* **Requirement**
The lines below, from the one containing "Women’s motorcycle group" through the one containing "One Direction's Harry", should be set down exactly, with no pictures and nothing else.

* **Records to process**
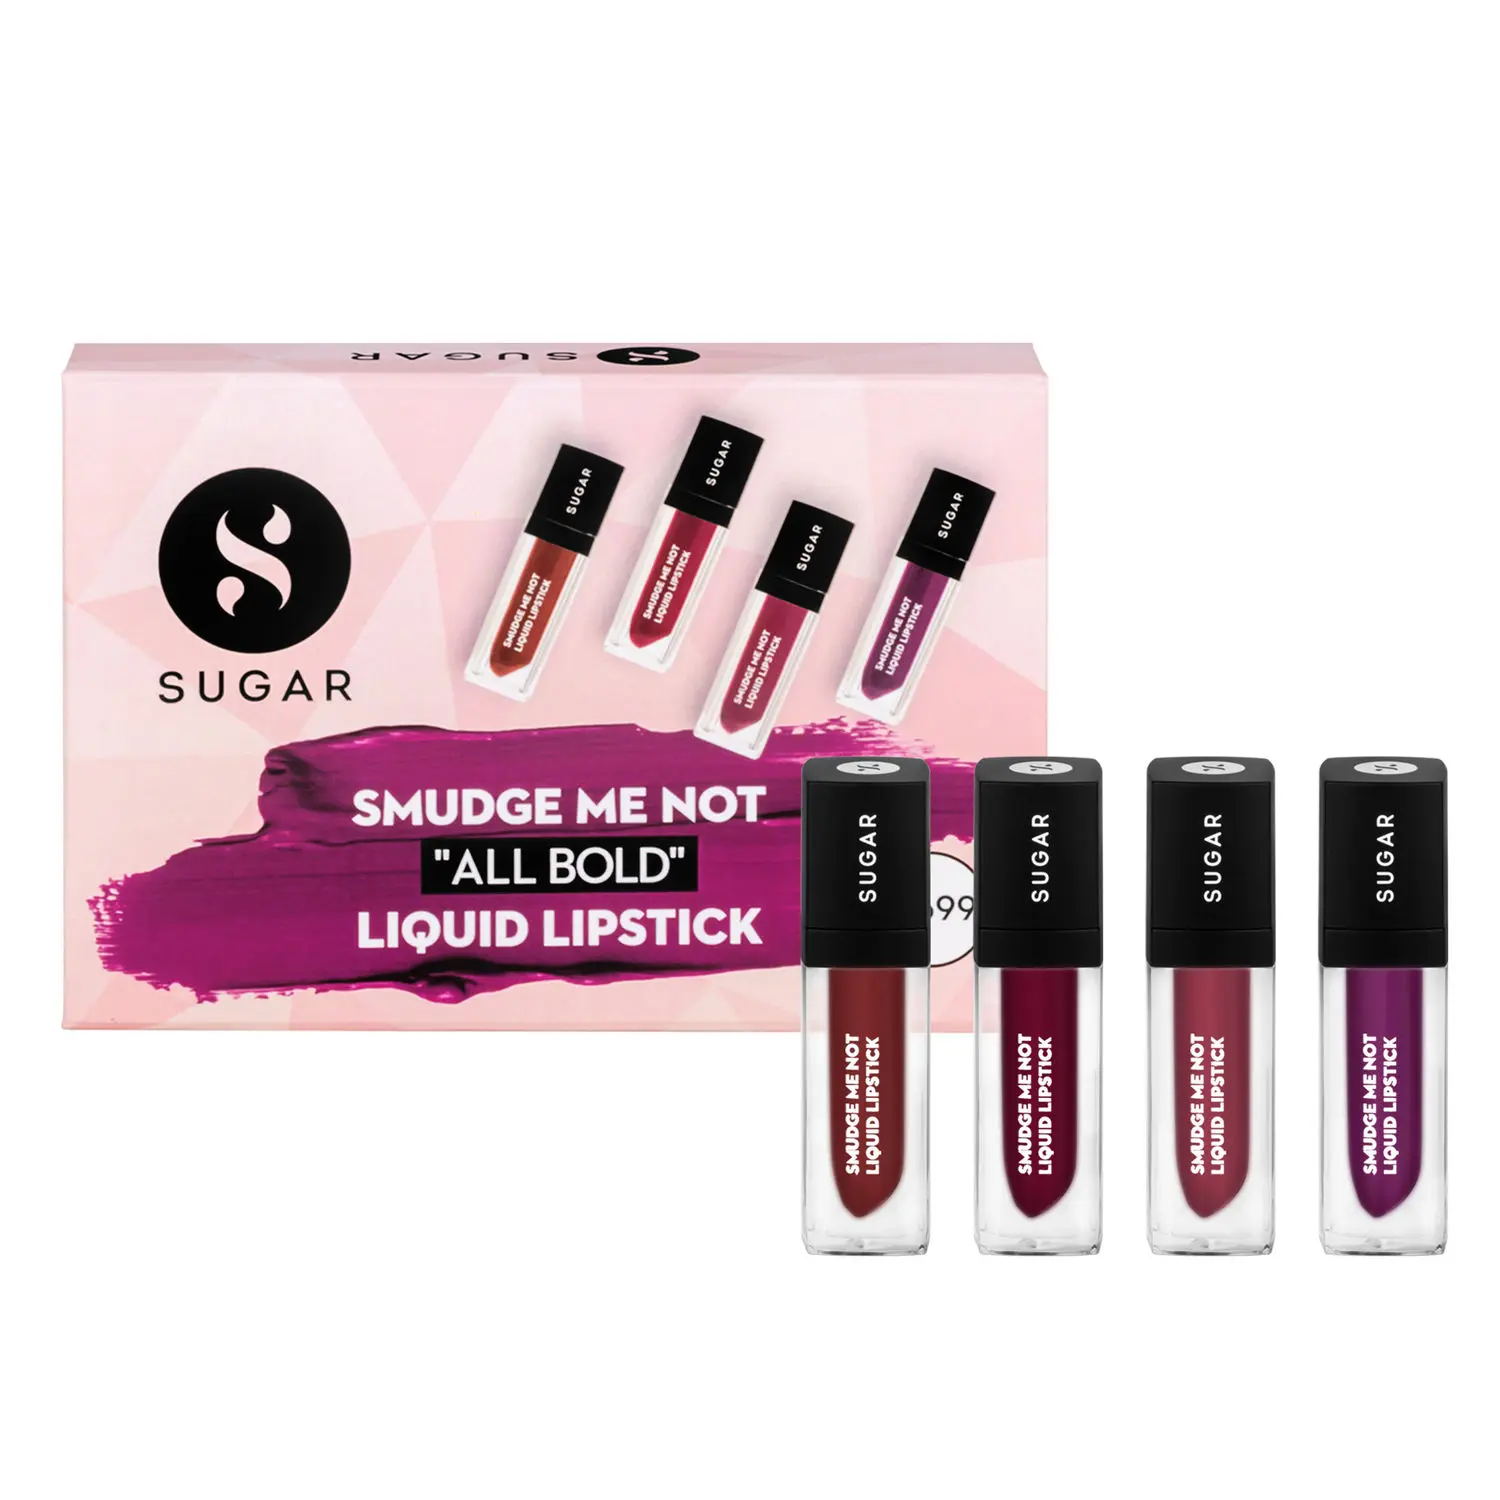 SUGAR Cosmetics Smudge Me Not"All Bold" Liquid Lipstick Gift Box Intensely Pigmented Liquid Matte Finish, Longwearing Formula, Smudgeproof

...

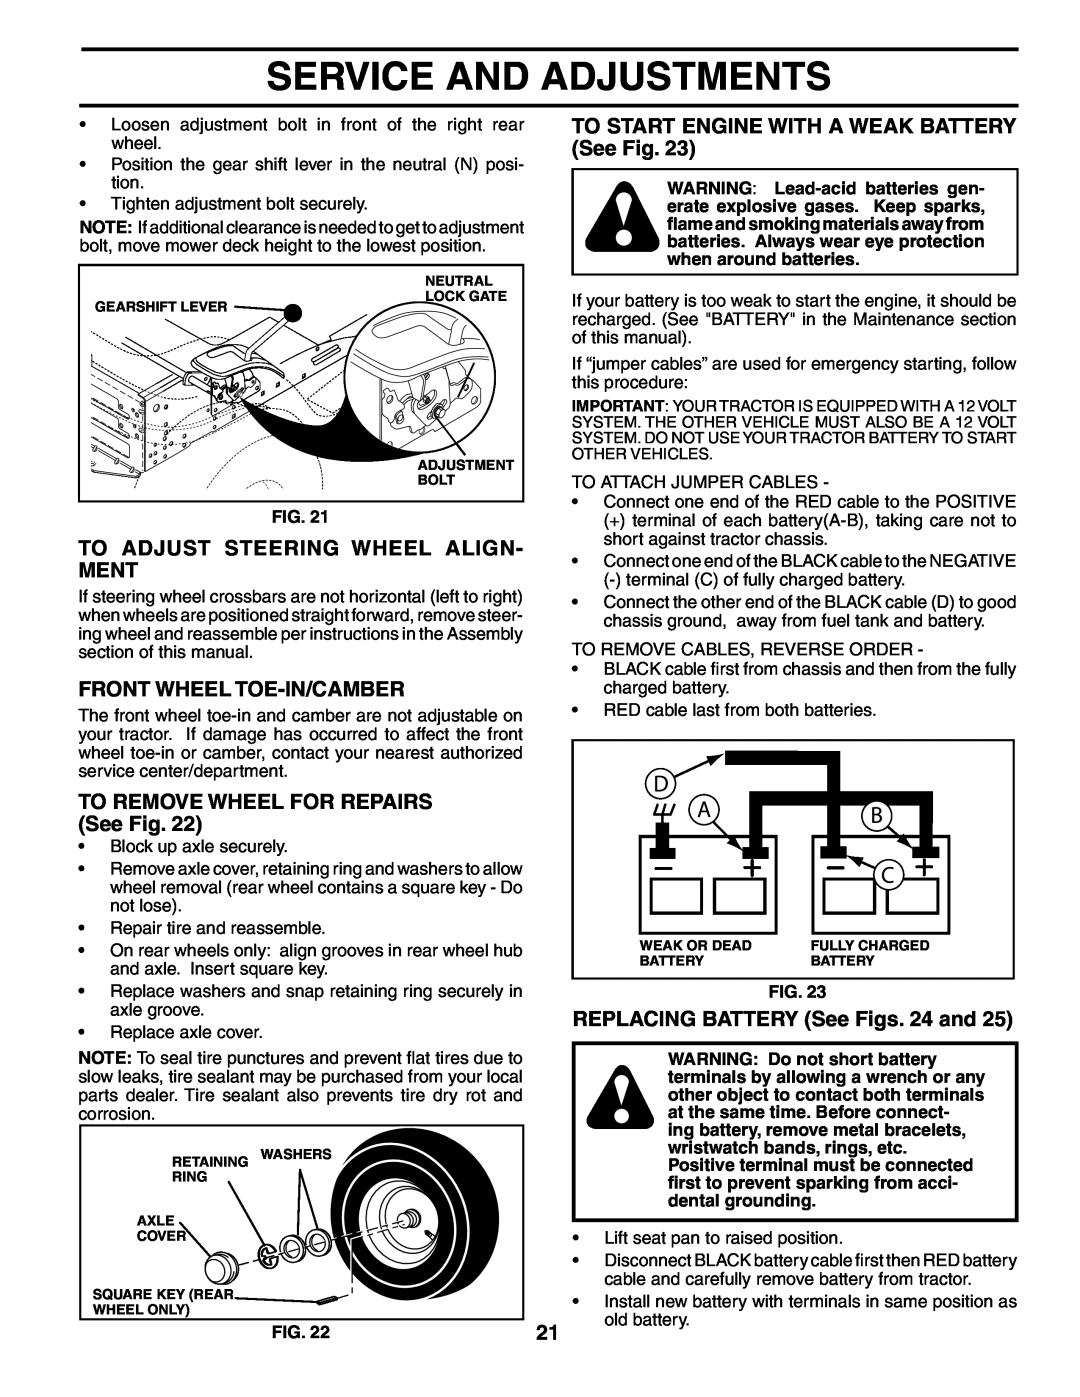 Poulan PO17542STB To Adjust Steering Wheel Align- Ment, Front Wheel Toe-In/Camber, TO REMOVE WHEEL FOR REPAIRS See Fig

--

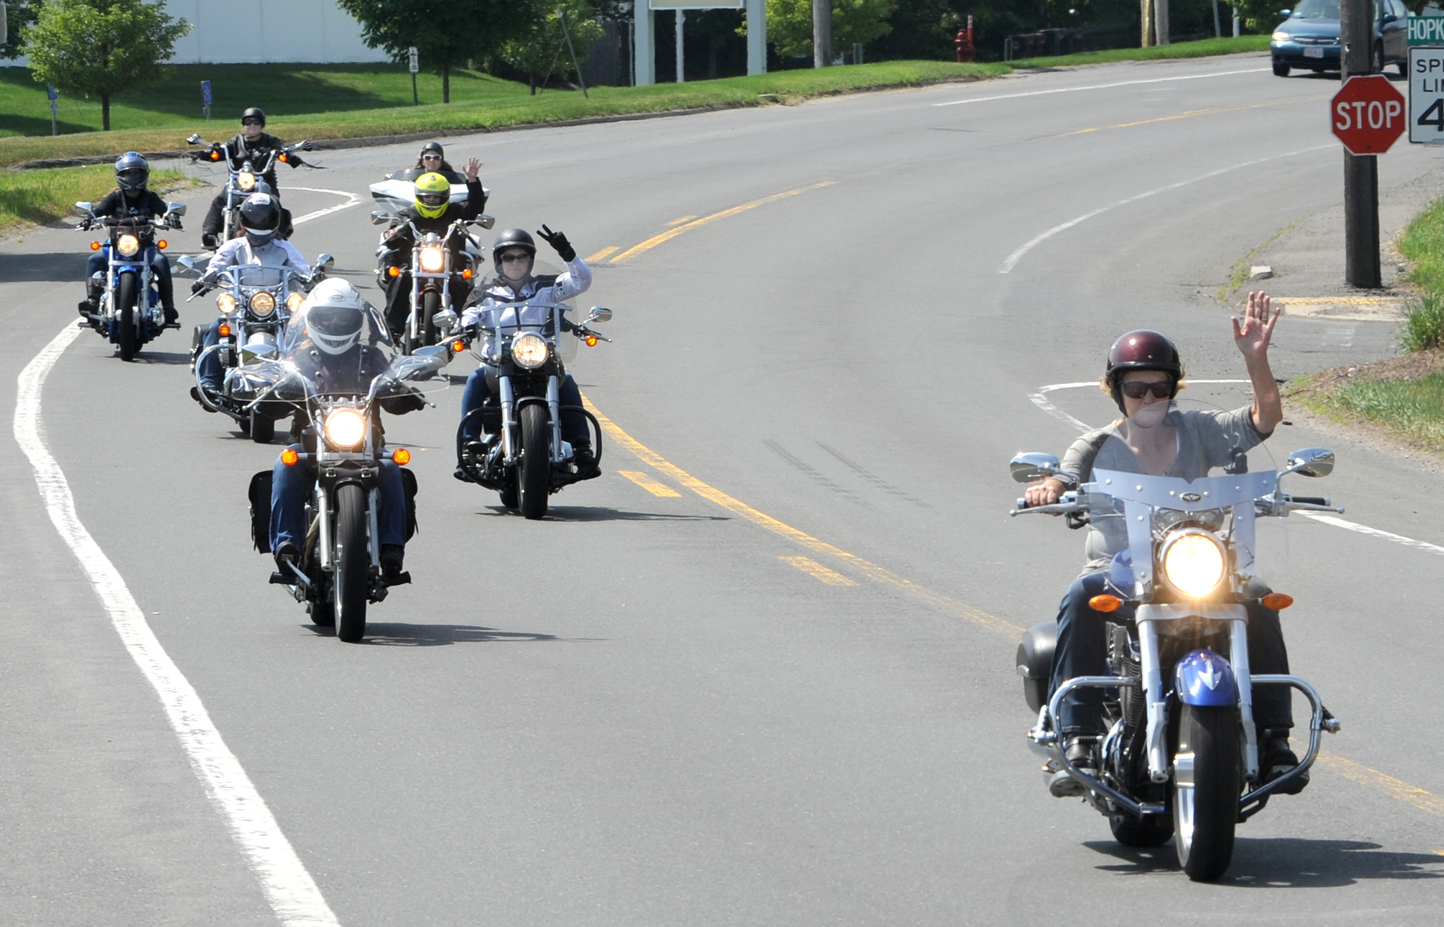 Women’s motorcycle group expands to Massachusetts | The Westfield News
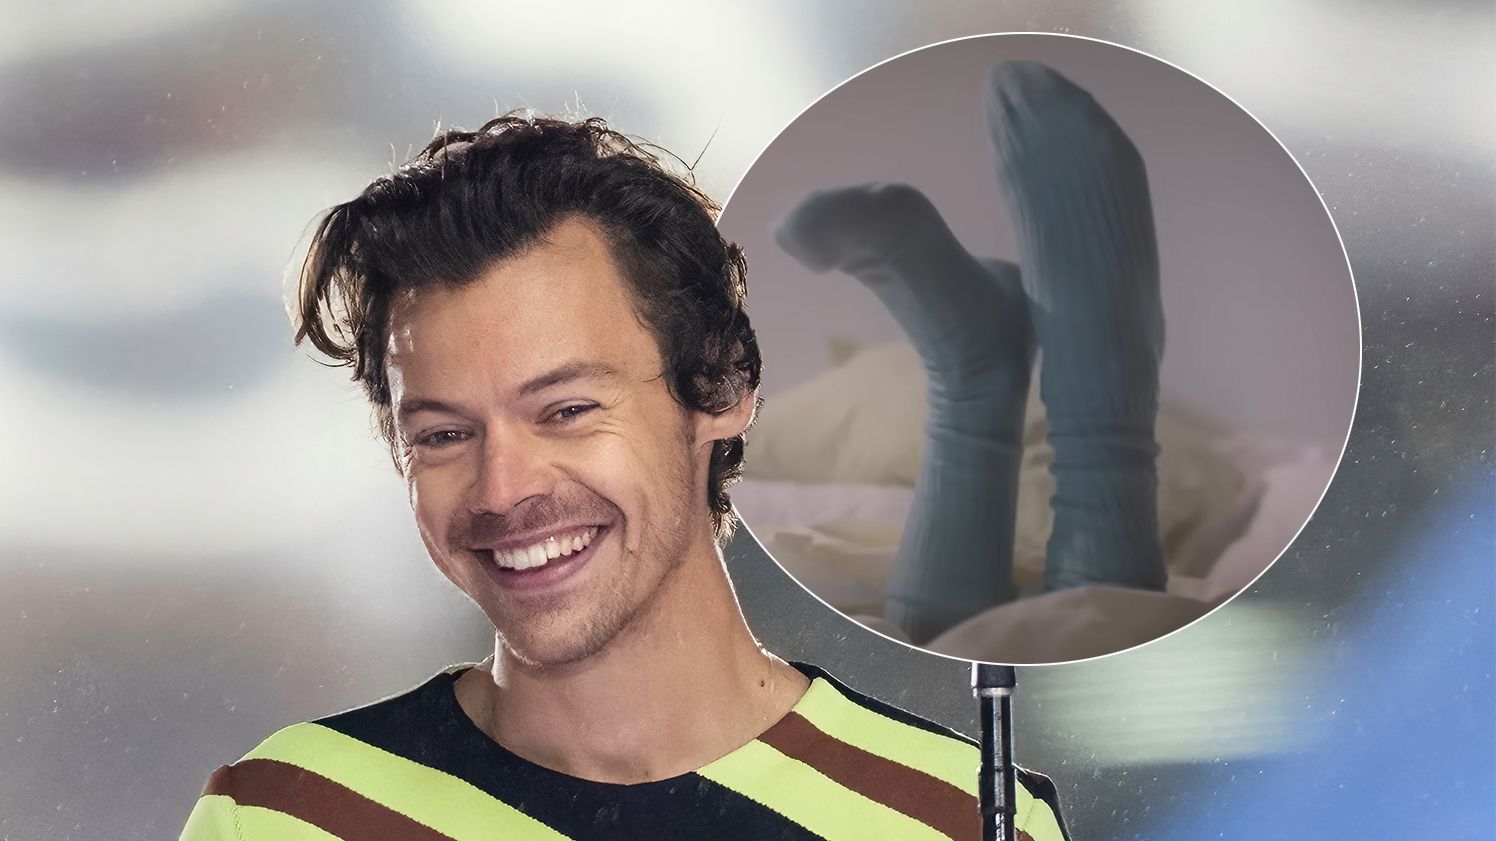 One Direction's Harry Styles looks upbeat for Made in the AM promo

* **Solved exercise**
 Women’s motorcycle group expands to Massachusetts | The Westfield News
 One Direction's Harry Styles looks upbeat for Made in the AM promo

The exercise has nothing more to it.